I have never disputed that g = (8a - 5)/9. Just that the even values
of
"a" can be ignored..
>
>
> read more »

[mensa...@aol.com]

That paper was written in hindsight and the above
was an example of how you can use brute force to
solve the equations...

...when Y is small, like 9 or 27. The first solution
will always be between 0 and Y since solutions repeat
every Y. But what drove me to develop the XYZ algorithm
was knowing that the XYZ parameters can quickly become
intractable to a brute force approach with trial values
of 'a'. But using linear congruence, I can solve problems
where Y has over 50000 digits in less time you can solve
the (8a-5)/9 problem by hand.

>
>
>
> > The formula is determined first and THEN solutions for 'a'
> > are determined from the formula. No 'trial solutions' are
> > needed, the formula returns EXACTLY the first solution
> > when solved by linear congruence.
>
> So REJECT the first solution if its not odd!

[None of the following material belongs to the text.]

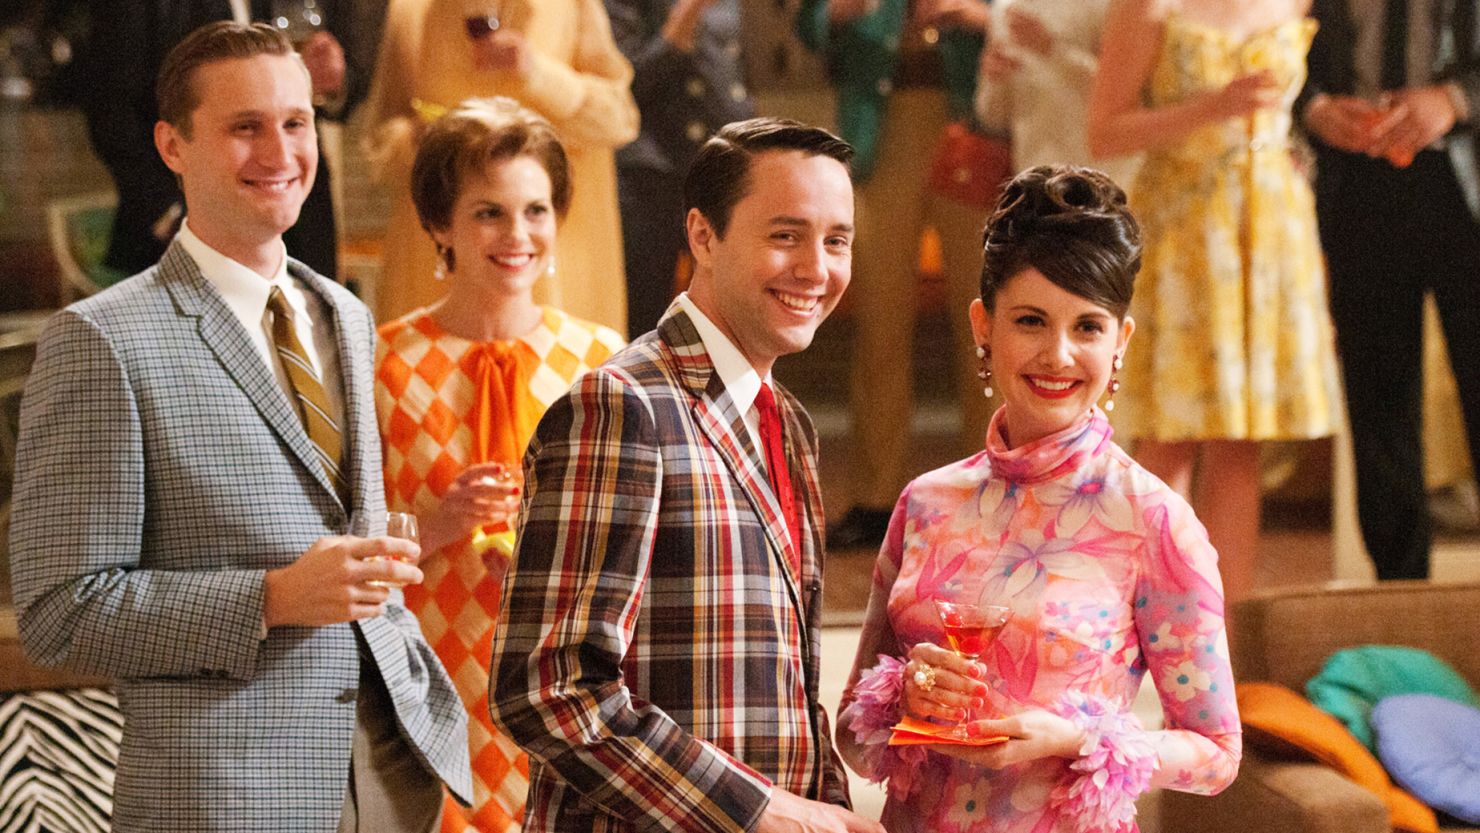 Actor Vincent Kartheiser (second from right) sports a madras blazer in a 2012 episode of "Mad Men."

Which is basically what I said originally, that
if I choose to only accept odd values, than the
basic algebraic solution must be modified
accordingly. The difference between your equations
and mine (the factor of 2) accomplishes this
rejection.

Personally, until I see a valid reason for
rejecting the evens, I'm keeping them.

So ignore them. Ignoring something that's true
is generally less of a problem that introducing
something that's false, as Alan Tyte does (see
the Collatz.co.uk thread).

But I've just put the last nail in his coffin
and will be summing it up there shortly.
His fallacy transcends his goofy use of 3n+1 rule
on even numbers, so we can finally quit arguing
about that. In fact, we can quit arguing altogether
now that his paper is shown to be a Non Sequitur
fallacy. It remains to be seen whether he'll suck
it in and admit his failure or jam his fingers
in his ears and shout "Nah, nah, nah!"